One of the important tasks of a service provider operating an information and communication technology (ICT) system is to ascertain a state of an abnormality occurring in the ICT system and to quickly cope with the abnormality. Therefore, a scheme for detecting an abnormality occurring in an ICT system early and a scheme for estimating an abnormal portion have been studied (for example, NPL 1 and NPL 2). As schemes for estimating an abnormal portion, for example, a scheme described in NPL 3, a scheme described in NPL 4, and the like have been proposed. NPL 3 proposes a scheme for modeling a relationship between an abnormal portion and a change in data in an ICT system caused in the abnormal portion as a causal model by using a Bayesian network, and estimating the abnormal portion from data observed during abnormality. NPL 4 proposes an abnormality factor identifying scheme by generating fault data by chaos engineering.
Here, when an abnormal portion is estimated by the causal model, there are two methods of constructing the causal model. The first method is a method of defining and modeling an abnormal portion and a rule of a change in data in an ICT system caused by the abnormal portion based on knowledge or the like of an expert operator (for example, NPL 3). The second method is a method of constructing a causal model from an abnormal portion during past abnormality and data at that time. In the studies of the related art, a causal model is constructed by one of the two methods and an abnormal portion is estimated.
In general, only a small amount of data during a fault can be obtained on an ICT system. However, in chaos engineering, a fault is intentionally inserted into the ICT system, and an abnormal portion and data at that time are collected. Accordingly, the collected data can be used for modeling a Bayesian network or can be used for learning data such as a support-vector machine (SVM), and an abnormal portion and a factor can be estimated.
The two construction methods of the causal models in the studies of the related art have problems. First, in the first method, there is a problem that an abnormal portion cannot be correctly estimated when an abnormality other than a defined rule occurs. In particular, it is difficult to construct a causal model by covering an abnormality which can occur in the ICT system in advance and, as a result, it may not be possible to estimate the abnormal portion correctly in some cases.

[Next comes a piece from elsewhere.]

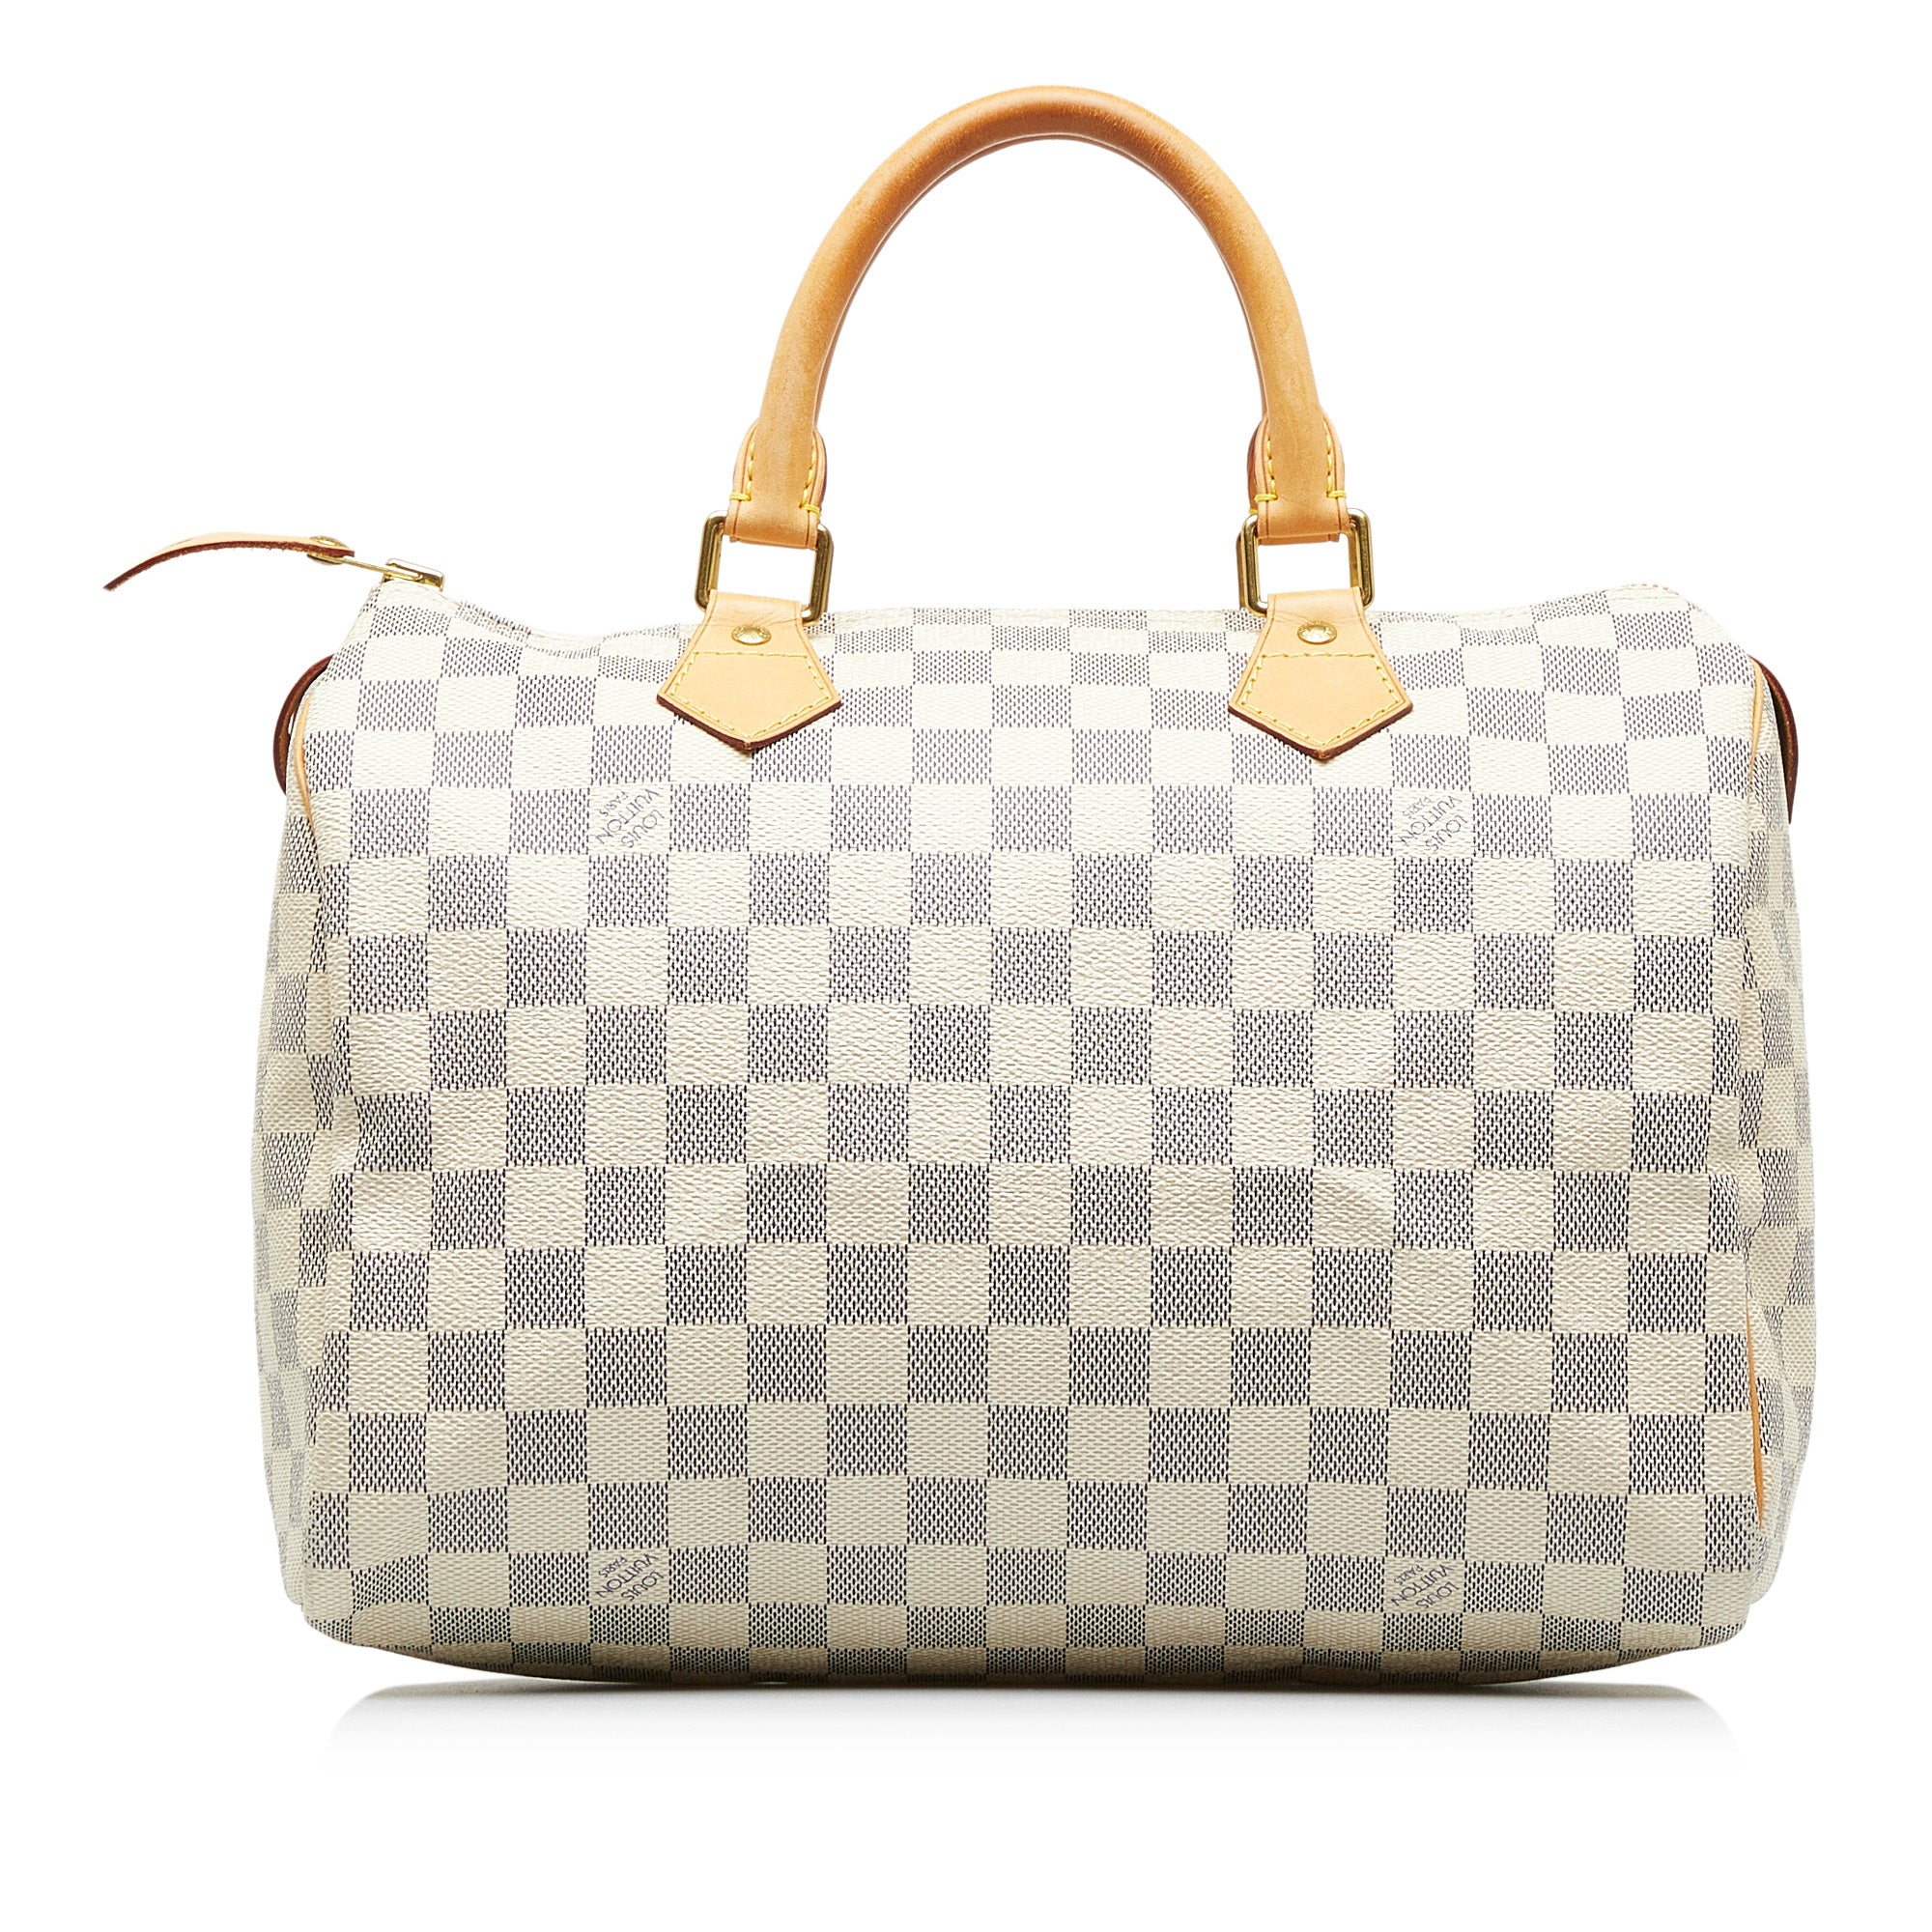 Louis Vuitton Damier Azur Speedy 30 Satchel Handbag - 15% OFF

Next, the second method has a problem that it is difficult to sufficiently collect data during an abnormality necessary to construct the causal model. This is because an ICT system generally rarely generates an abnormality, and even if an abnormality occurs, a recurrence prevention measure is taken so that the same abnormality does not occur again. In the second method, a causal model is constructed based only on past abnormalities, so that the causal model cannot cope with unknown abnormalities, and an abnormal portion cannot be estimated.
Chaotic engineering is likely to partially solve the problem that it is difficult to sufficiently collect data during abnormality necessary to construct a causal model, but cannot be said to suffice. This is because a wide variety of abnormalities occur in an ICT system, but chaos engineering is a method of intentionally inserting a fault, and thus only data related to abnormalities able to be conceived by humans can be obtained.
The present disclosure has been devised in view of the foregoing circumstances and provides a technique for generating data used to construct a model for estimating an abnormal portion.
According to an aspect of the present disclosure, a learning data generation apparatus generating learning data used to learn a model for estimating an abnormal portion of an ICT system includes: a learning unit configured to learn parameters of a generator and a discriminator forming a conditional hostile generative network by using observation data during abnormality of the ICT system; and a generation unit configured to generate the learning data using the generator in which the learned parameters are set.
A technique for generating data used to construct a model for estimating an abnormal portion is provided.
Hereinafter, an embodiment of the present invention will be described. Hereinafter, a learning data generation apparatus 10 for generating learning data used to construct a model for estimating an abnormal portion of the ICT system (for example, a causal model modeled by a Bayesian network or the like, a machine learning model such as a support-vector machine (SVM)) will be described.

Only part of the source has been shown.